Friday, December 7, 2018

Strategy use fully mediates the relationship between working memory capacity and performance on Raven’s matrices


Gonthier, C., & Thomassin, N. (2015). Strategy use fully mediates the relationship between working memory capacity and performance on Raven’s matrices. Journal of Experimental Psychology: General, 144, 916-924.

Working memory capacity (WMC) refers to the amount of information that can be held briefly in mind for processing. Working memory capacity is closely associated with fluid intelligence, the ability to think logically and solve problems in novel situations. It has been suggested that working memory capacity and fluid intelligence are related because they both rely on controlled attention, the ability to direct one’s attention to relevant information and away from irrelevant information. It may be, however, that the ability to use strategies to support working memory drives the relationship between working memory capacity and fluid intelligence. Strategies are procedures that facilitate the achievement of a higher level goal or task.

The purpose of this study was to examine the extent to which strategy use may influence performance on a common fluid intelligence measure. In the fluid intelligence task, the person is shown an incomplete matrix that follows logical rules along with 8 possible pieces to complete the matrix. The person chooses the piece that completes the matrix. One effective strategy that can be used to complete this task, constructive matching, is to create a mental representation of the answer and then look for a match among the alternatives. A less effective strategy, response elimination, consists of comparing the features of the problem and each alternative response until one answer is identified. In study 1, university students were asked to complete the matrix reasoning task either without instruction (control) or after receiving instruction on the use of the constructive matching strategy. It was hypothesized that if strategy use accounts for the relationship between working memory capacity and fluid intelligence, then the relationship between these two constructs should decrease when participants are not using their strategy of choice. The results were consistent with this hypothesis in that the relationship between WMC and matrix reasoning was lower in the group instructed on a particular strategy. In study 2, participants were asked about their strategy use after completing the task (which was completed without instruction on strategy use). Results revealed that the relationship between WMC and matrix reasoning was mediated by strategy use.

The findings suggest that strategies play a critical role in the relationship between working memory and fluid intelligence. Teaching strategies to support working memory may be effective in supporting reasoning.

Blogger: Lisa Archibald

Thursday, November 8, 2018

Relations Among Socioeconomic Status, Age, and Predictors of Phonological Awareness

McDowell, K. D., Lonigan, C. J., & Goldstein, H. (2007). Relations among socioeconomic status, age, and predictors of phonological awareness. Journal of Speech, Language, and Hearing Research, 50(4), 1079-1092.

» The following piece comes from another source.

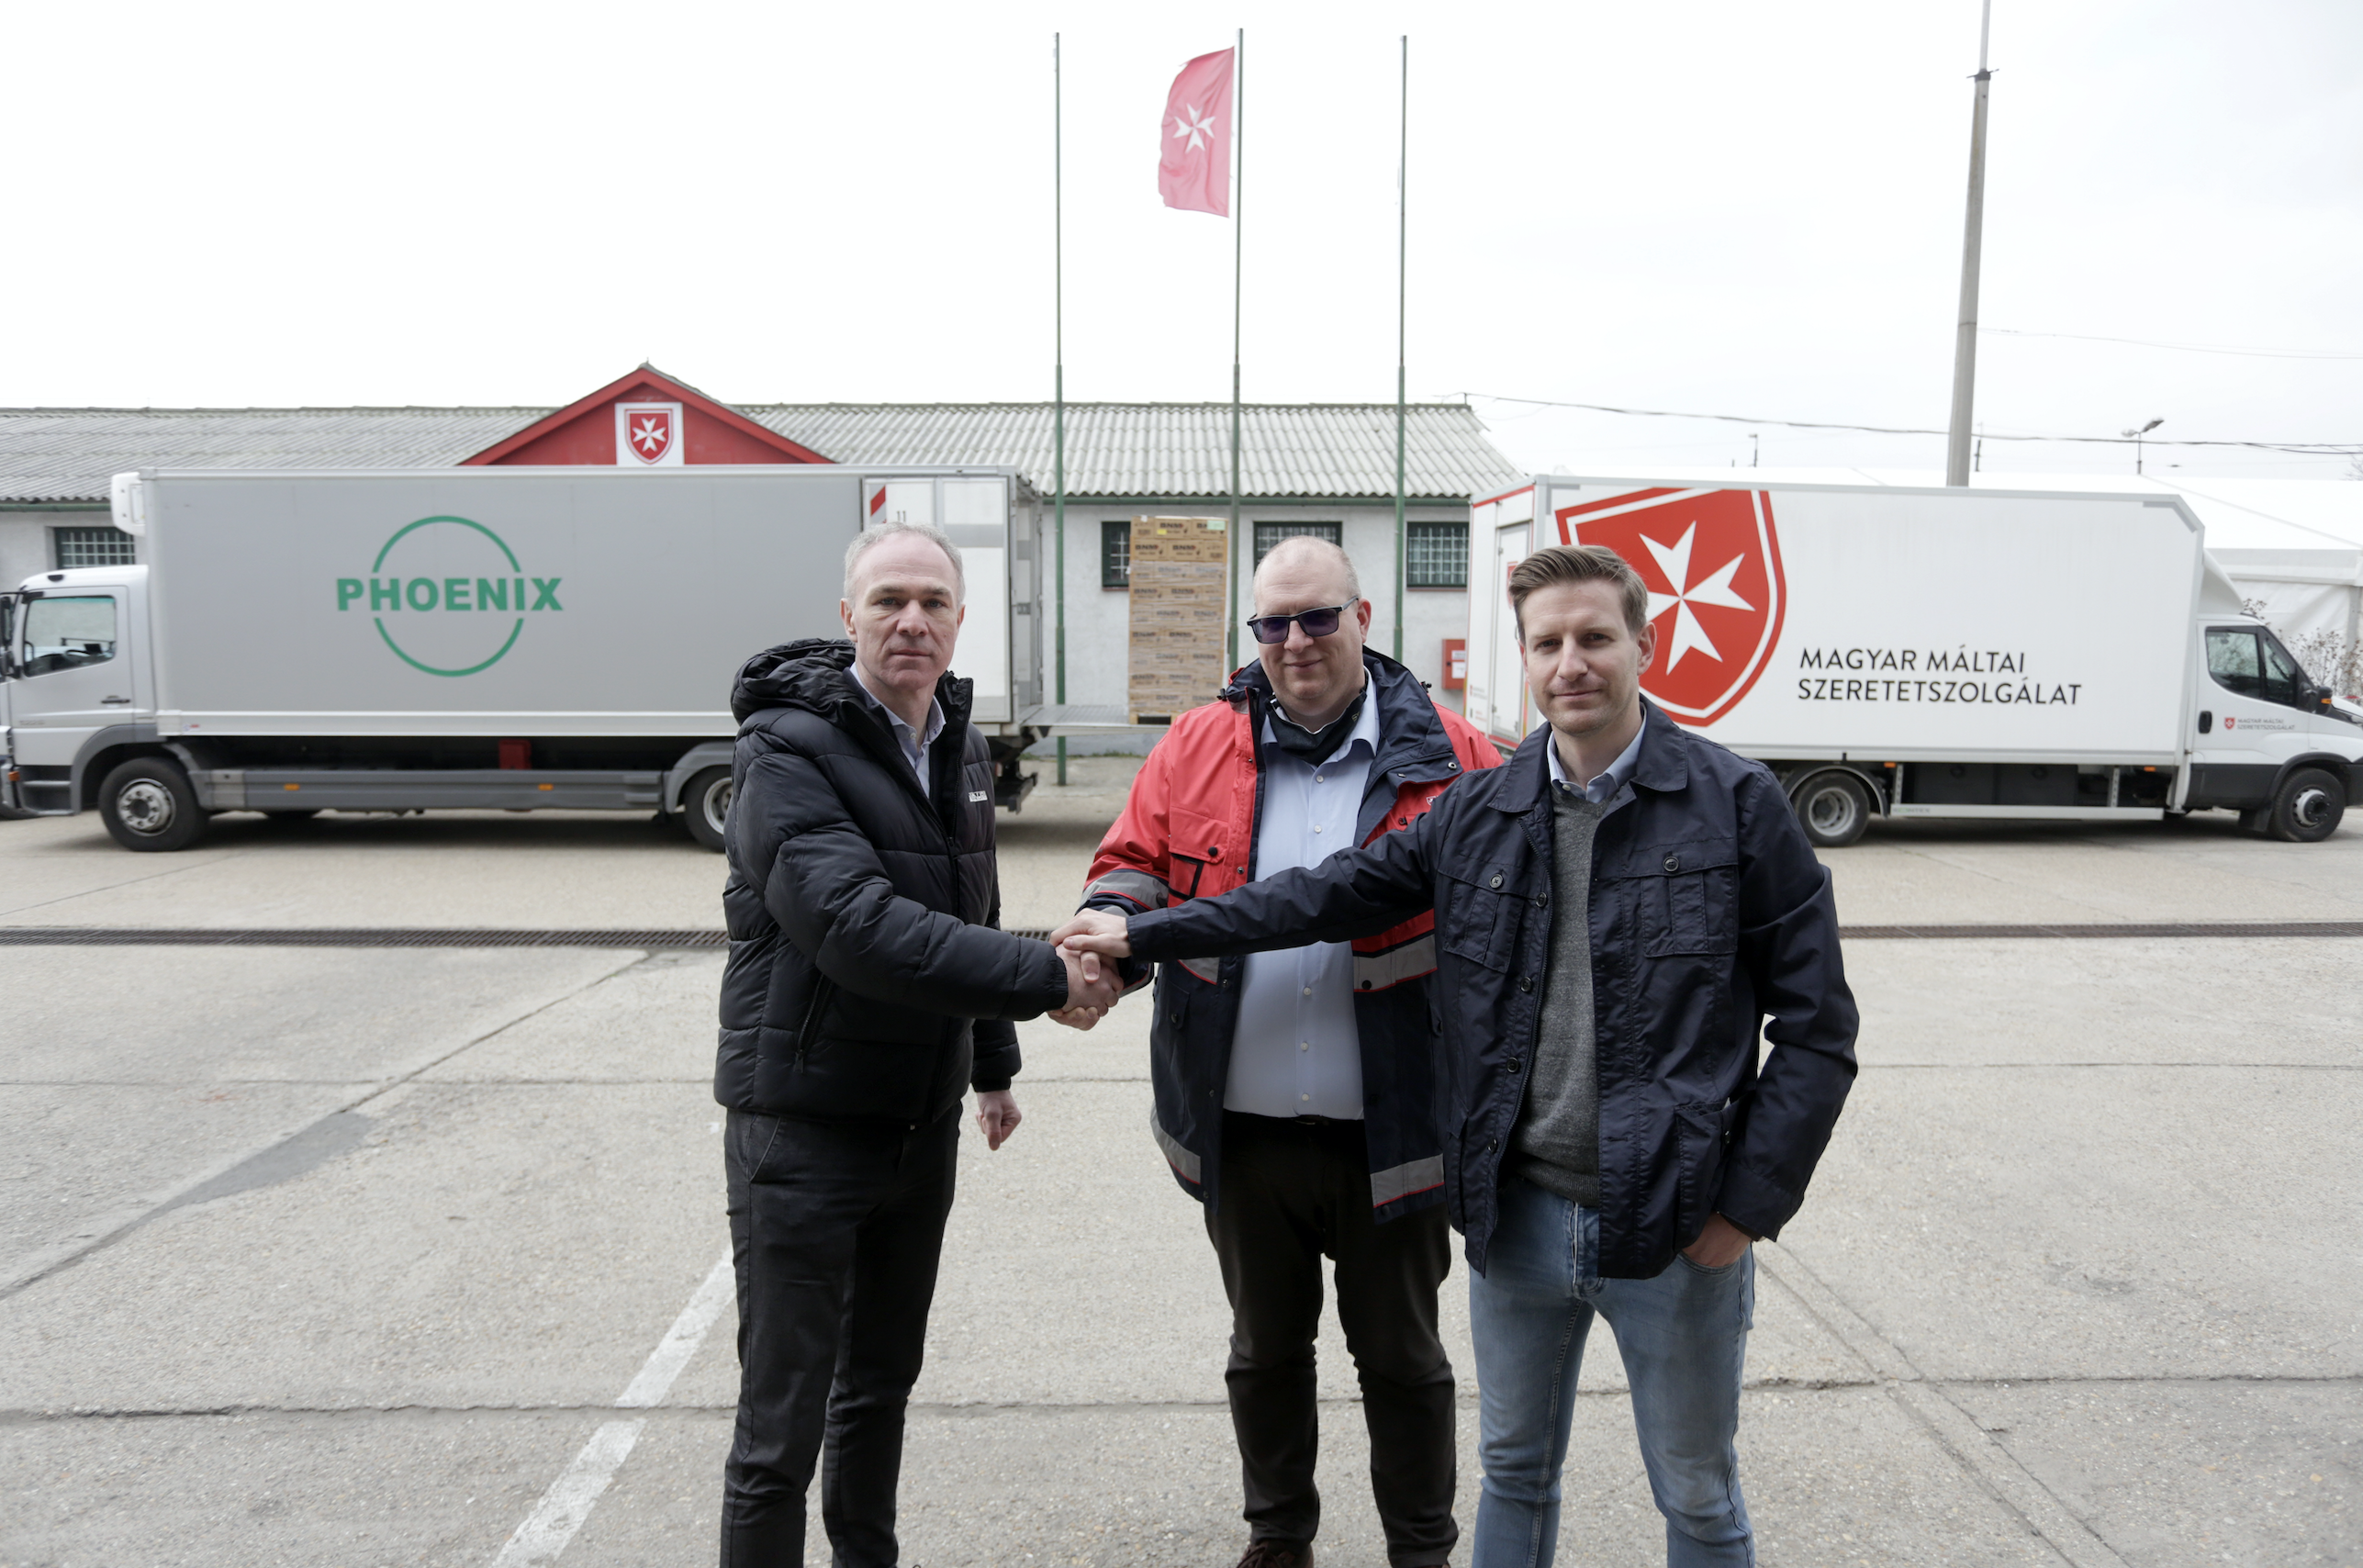 Ukraine Crisis: Phoenix Hungary donates medicine to refugees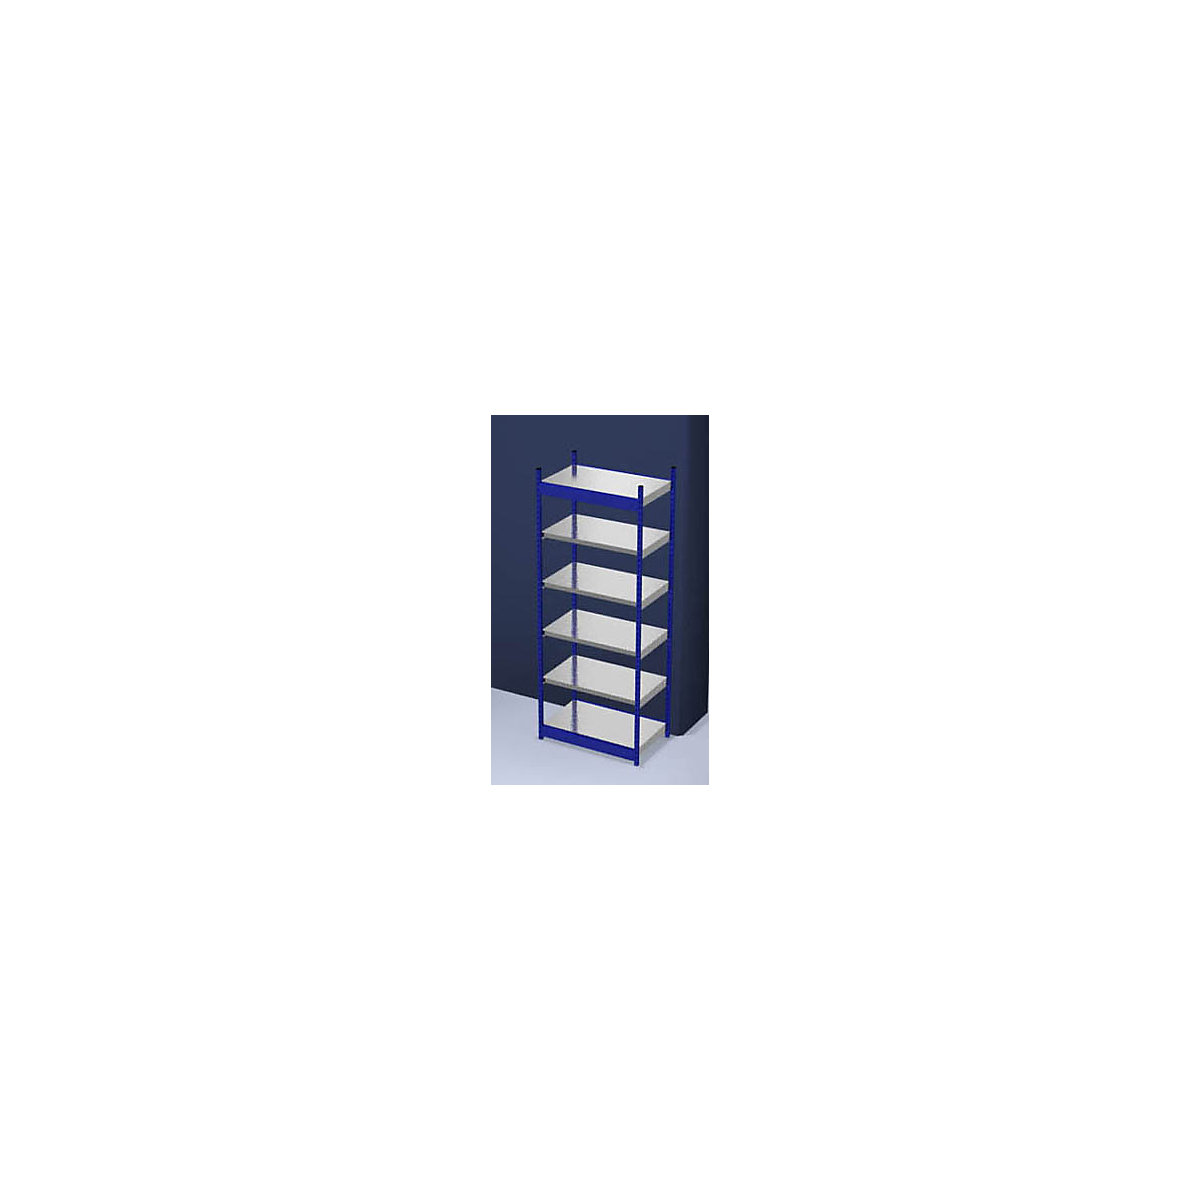 Stable boltless shelf unit, single sided – hofe, shelf unit height 2500 mm, blue / zinc-plated, shelf width 1025 mm, basic shelf unit, width x depth 1025 x 600 mm-10

There are many individual differences that influence a child’s ability to learn to read. For example, the ability to identify or manipulate sounds in words known as phonological awareness has been found to be strongly related to reading success. McDowell and colleagues consider why phonological awareness skills may differ across individuals by examining two hypotheses. First, the phonological deficit hypothesis which holds that children with poorly established phonological representations will have difficulty with phonological awareness tasks. The second is the lexical restructuring model which describes a child’s phonological awareness skill as a function of their vocabulary. In other words, as a child’s vocabulary grows, they develop more sophisticated spoken word recognition skills, and this allows them to break down a word which makes the phonemic units of the words more accessible. This study involved the examination of the extent to which phonological awareness skills were explained by performance on measures related to these two hypotheses (speech sound accuracy and vocabulary, respectively) as well as the child’s age and socioeconomic status.

Preschool participants between the ages of 2 and 5 years old completed a wide range of speech and language assessments to capture phonological awareness skill, vocabulary and speech sound accuracies. Results revealed that speech sound accuracy, vocabulary, SES, and age each contributed unique variance to the prediction of phonological awareness skill. The authors concluded that since speech sound accuracy and vocabulary both explained phonological awareness that these results support both the phonological deficit hypothesis and the lexical restructuring model. Further analyses revealed that age moderated the relationship between speech sound accuracy and phonological awareness.  These results indicated that as children get older the continued occurrence of speech sound inaccuracies more strongly predicts poor phonological awareness skills.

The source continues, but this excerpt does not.